Source data —

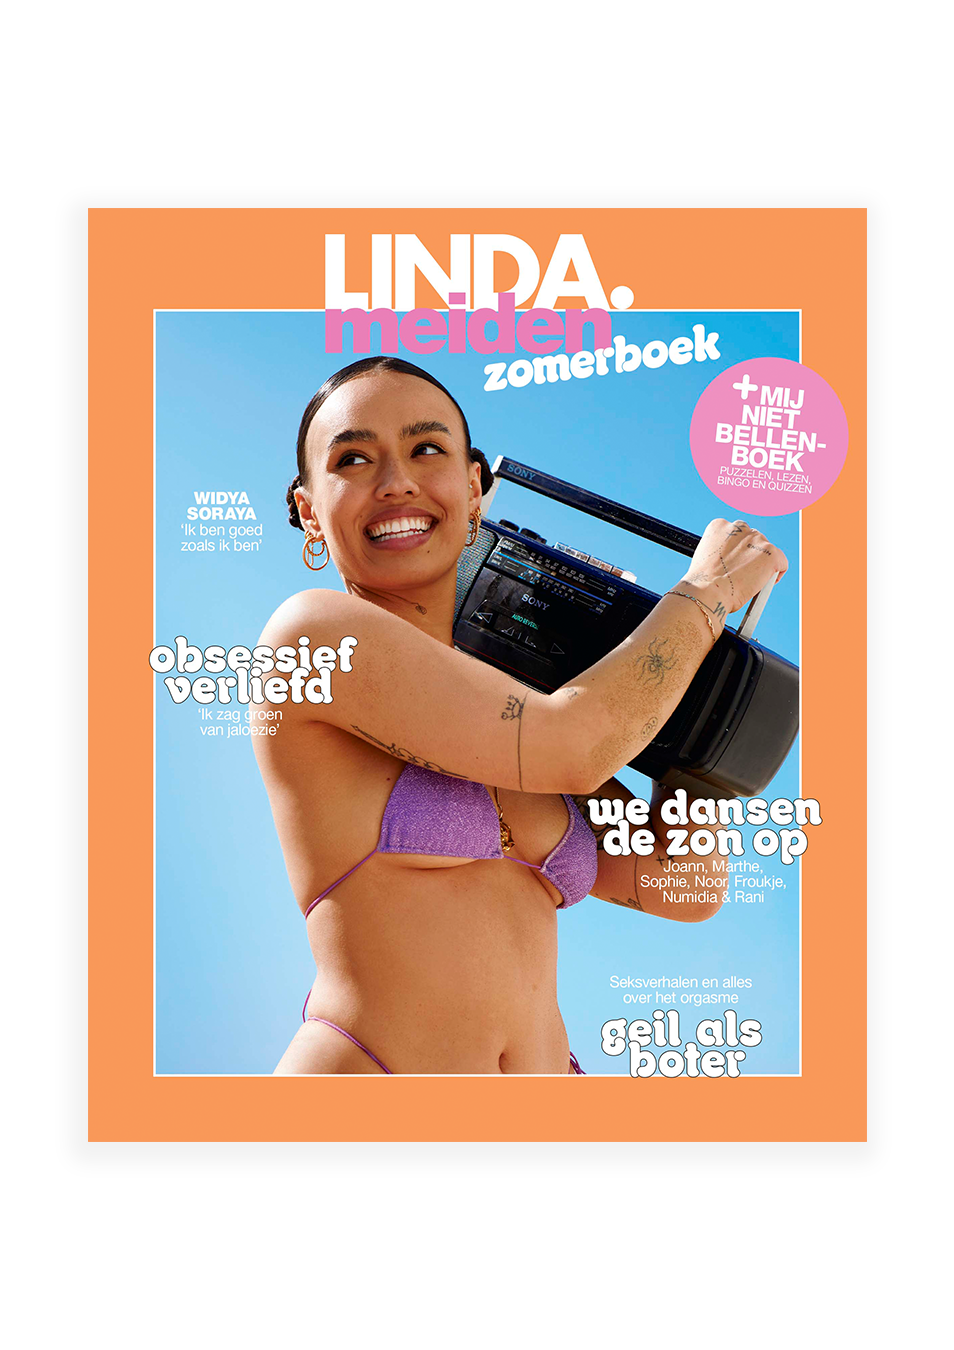 Linda.meiden zomerboek
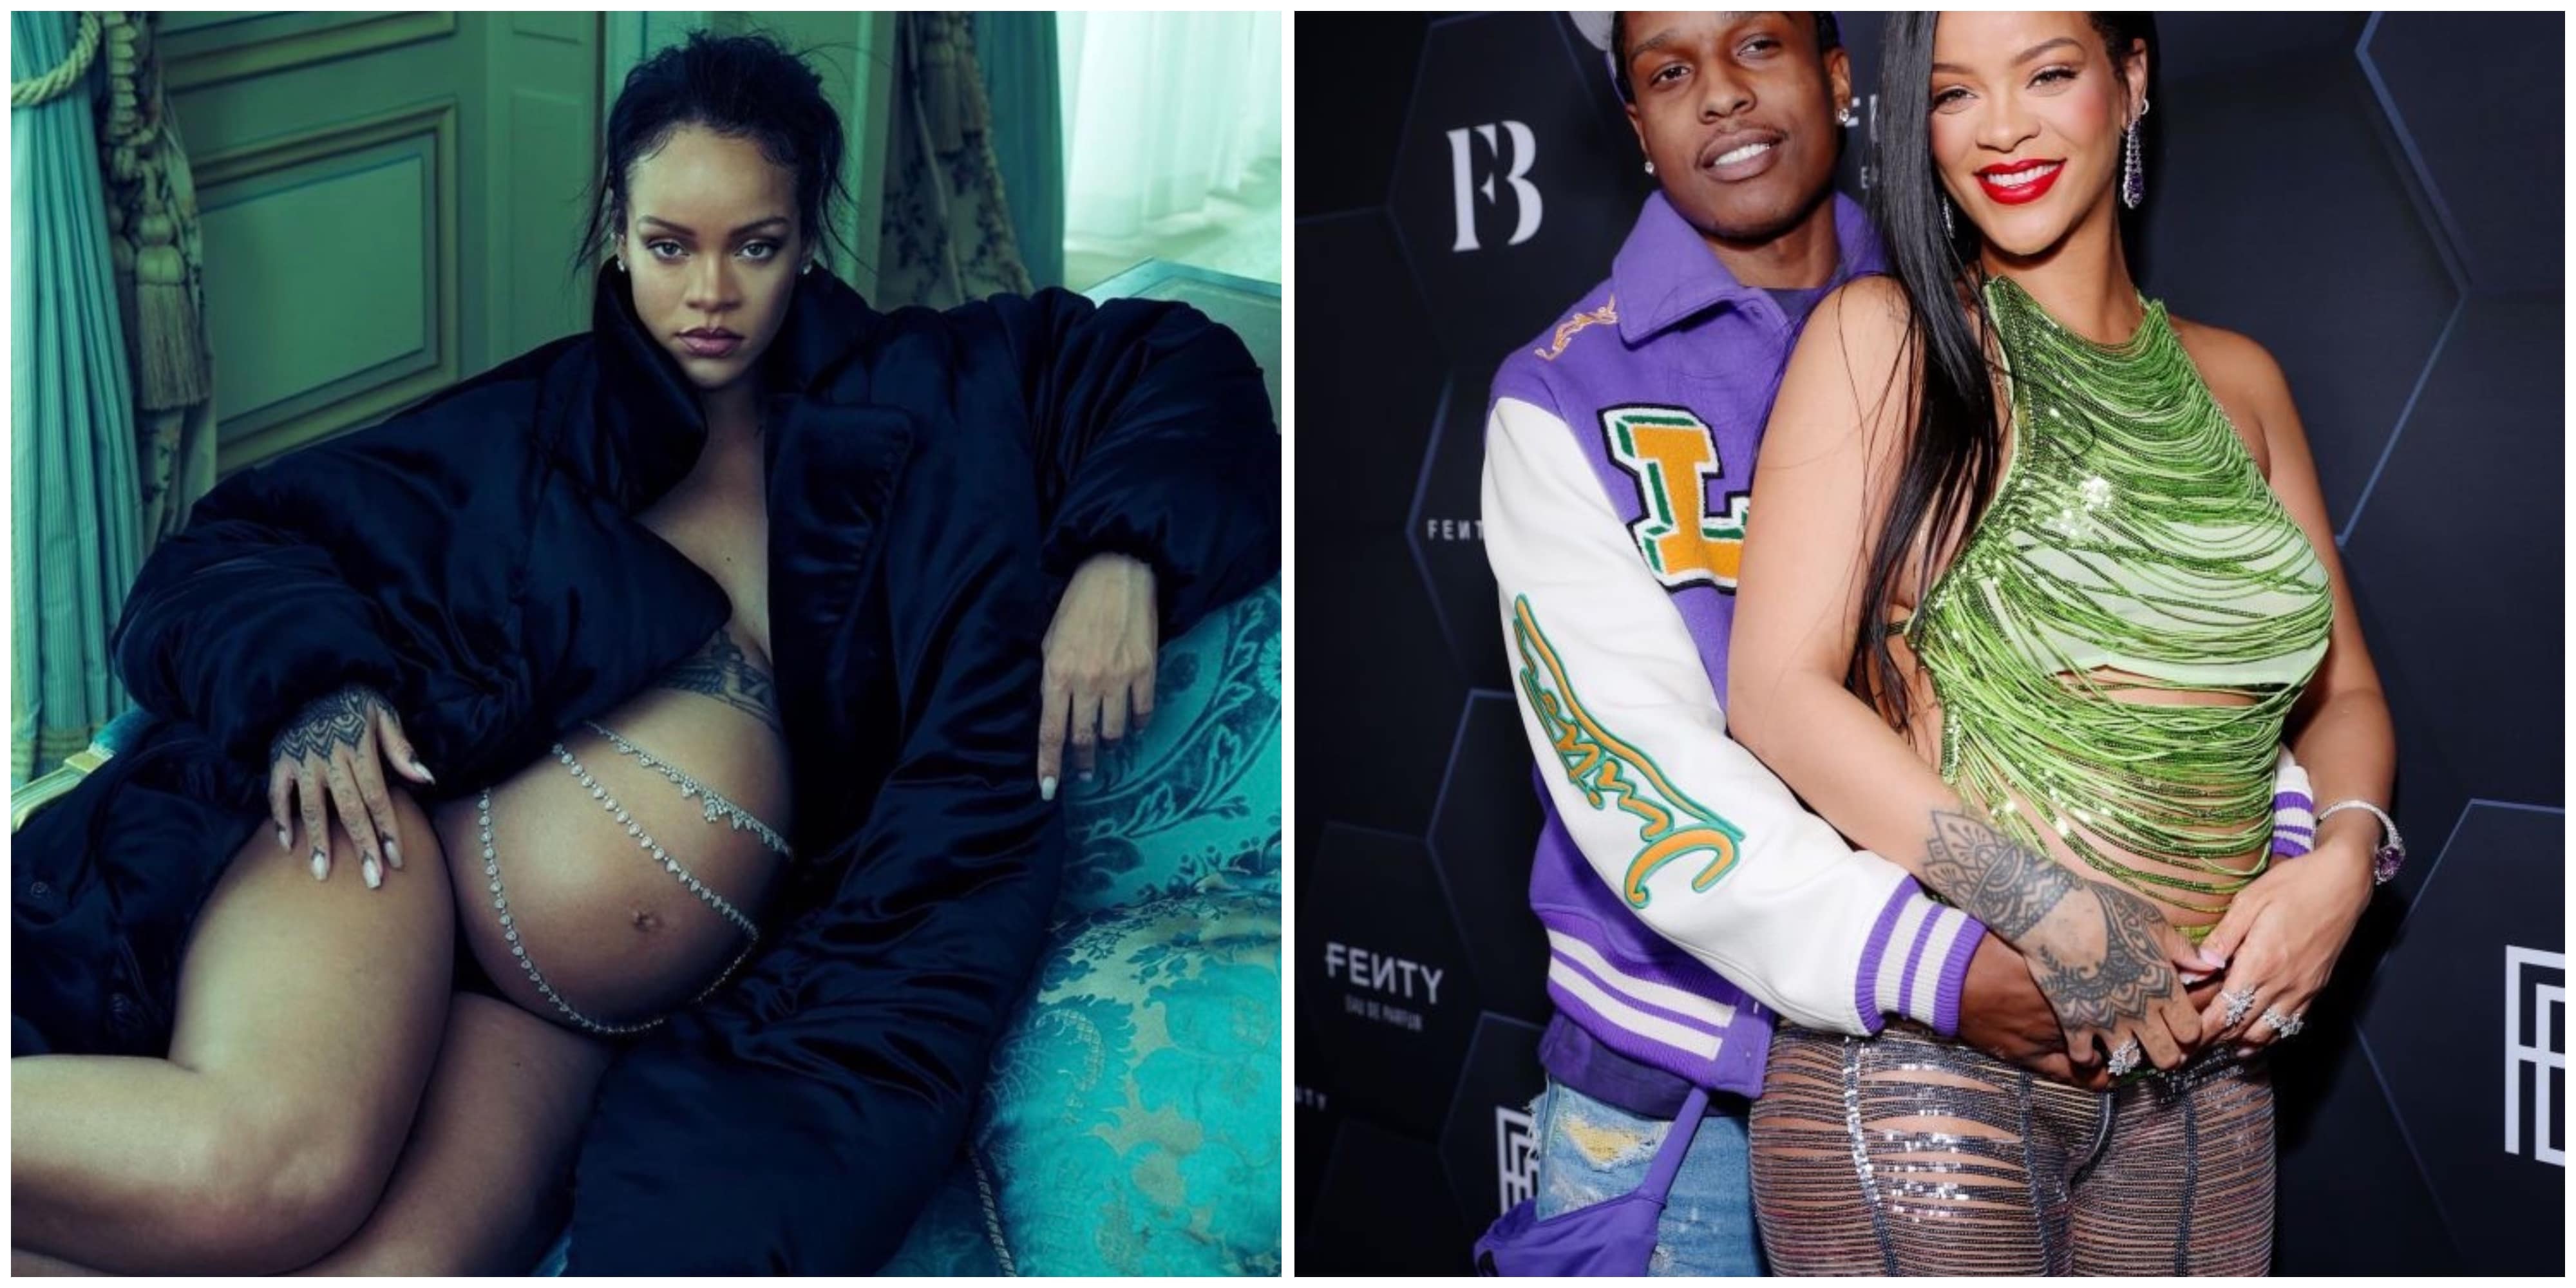 Rumeurs d’infidélité entre Rihanna et A$AP Rocky : la prétendue maîtresse Amina Muaddi s'exprime
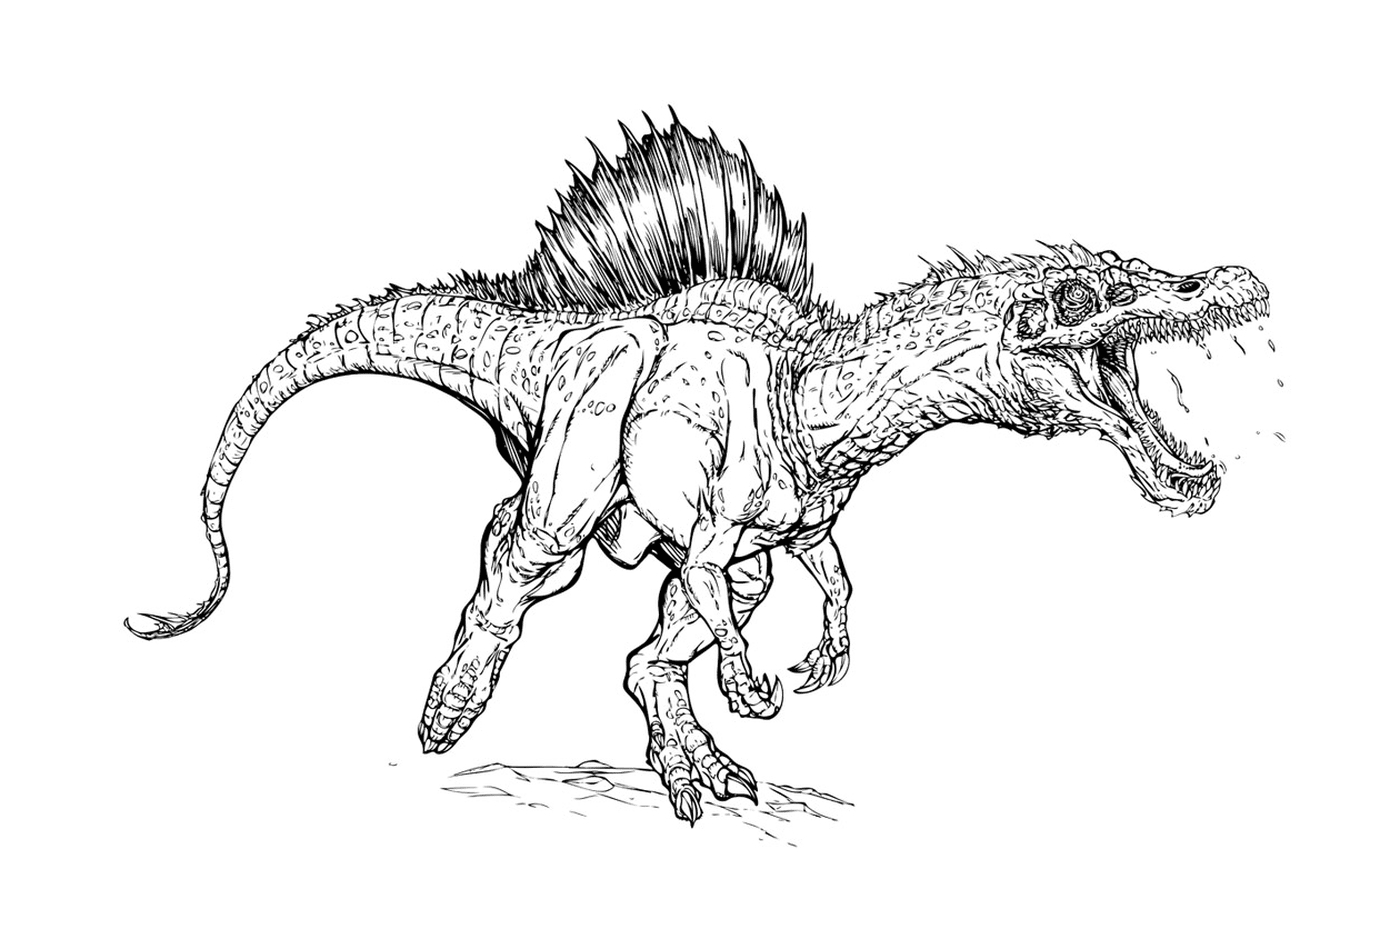  Violent and threatening Spinosaurus

Exercise instructions —
Although the material contains pictures, only the lines are to be written out, exactly as they stand.

Exercise result —
 Linda.meiden zomerboek
 Rumeurs d’infidélité entre Rihanna et A$AP Rocky : la prétendue maîtresse Amina Muaddi s'exprime
  Violent and threatening Spinosaurus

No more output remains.